It’s unbelievably insulting and condescending to respond to an attack on Bush’s actions in that classroom by saying “oh, you’re only saying that because you hate Bush”. Not only is it insulting and condescending, but it’s also wrong, and it’s also pointless. If everyone here is so blindly partisan that we can do nothing but go “quack quack quack bush bad bush bad” or “moo moo moo bush good” then why do we even both trying? Sure, it kind of seems that way sometimes, but, in all honesty, the situation isn’t that dire.
I hold the opinion about Bush’s actions during those 7 minutes due to my brain, my reasoning, and my thinking. Sure, I’m human, and I don’t like Bush, and that probably colors my conclusions somewhat. That’s going to be true for anyone, pro- or anti- Bush. But I’m not just a blindly partisan tool, and neither are the vast majority of posters here, on either side of either issue.
(Oh, and I’m SICK of holier-than-thou people who claim to be non-partisan and then bash everyone involved on both sides as if no one who’s not non-partisan could ever possibly be objective about anything. I’m a liberal democrat. That doesn’t mean that every position I hold about every issue is just a dogmatic parroting of what moveon.org tells me to think. Political independents don’t have a monopoly on free, creative and meaningful thought.)
(3) It doesn’t matter a whit whether Bush’s actions could have actually prevented further planes from crashing
Pervert in particular seems to be obsessed with the idea that as long as we can prove, in retrospect, that nothing Bush could have done during those 7 minutes could have stopped the primary events of 9/11, then it’s perfectly OK for him to have done nothing. This is blatantly ridiculous for at least two reasons:
(a) Even if this made any sense at all, it would only make sense if it is something that could have been determined from the information available at the time. That information, as we all agree, was extremely sketchy. So only if Bush had heard all the information that was available at that precise moment, quickly and efficiently analyzed every conceivable option available to him, and immediately realized that every single one of them was guaranteed to either not help the situation, or make the situation worse, would it even begin to be OK for him to just sit there like a tool
(b) Leaders can do useful things even when decisions can’t be made. If nothing else, they can prepare to start making decisions once decisions can be made. Suppose it was totally clear that there were no meaningful decisions that could be made for, say, the next 20 minutes. That’s no reason not to start discussing the situation, bouncing options off of people, listening to other people’s ideas, and so forth, so that 20 minutes down the line, when new information comes in, when actual meaningful decisions can be made, Bush could make better, faster, decisions than if he’d just sat around doing nothing.

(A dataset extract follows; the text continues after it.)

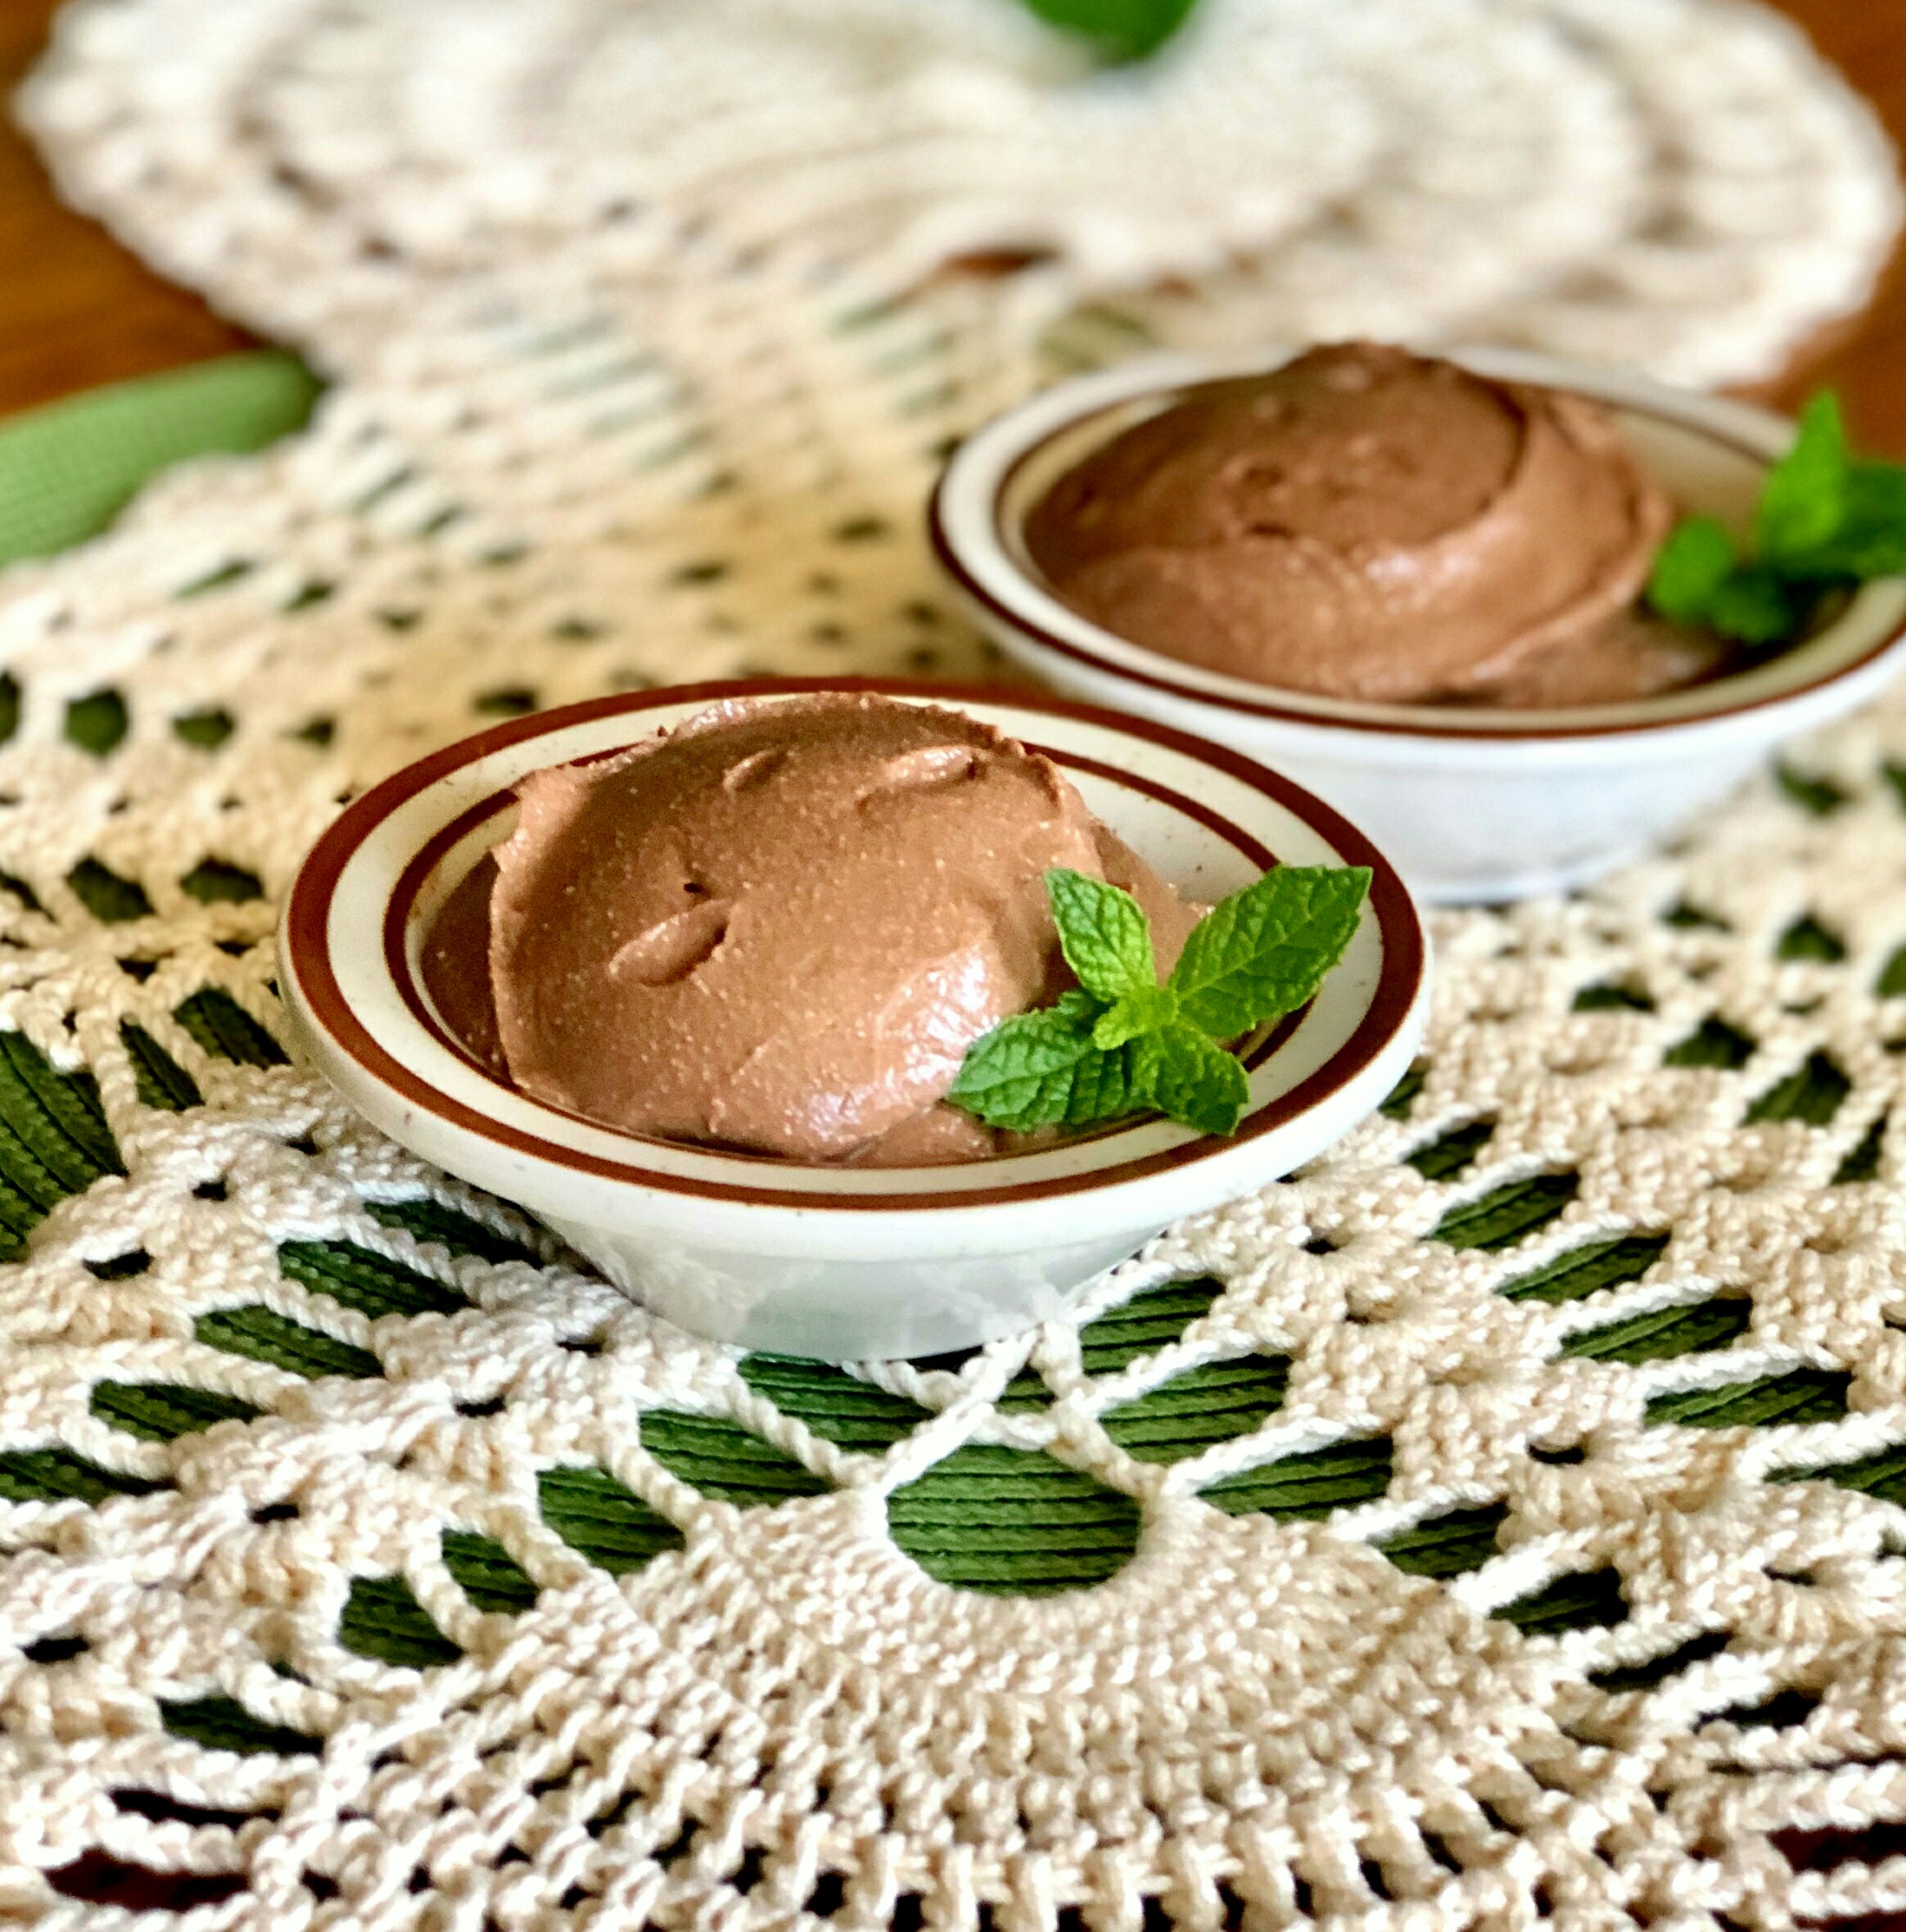 Whipped Peanut Butter-Chocolate Ricotta Pudding

(4) No one is saying that Bush should have panicked
This one has been pretty ripped to shreds by EVERYONE, but I’ll repeat it just one more time… I’m NOT saying that Bush should have sprinted out of the room, waved his hands around like a madman and started spitting out commands. There’s a middle ground between that and doing nothing. And while we’re on this topic, one of the most inane things that has come out of this entire conversation is the idea that if Bush had somewhat alarmed the poor kids in that classroom, that would have been a terrible national tragedy. There already WAS a terrible national tragedy. The kids were going to be a lot more than alarmed over the course of that day. Somehow the idea that his hanging around reading was “for the kids” and that if he’d left in a hurry, we liberals would be angry at him for “scaring the kids” has gotten mixed into this discussion, and it’s abso-fucking-lutely ridiculous.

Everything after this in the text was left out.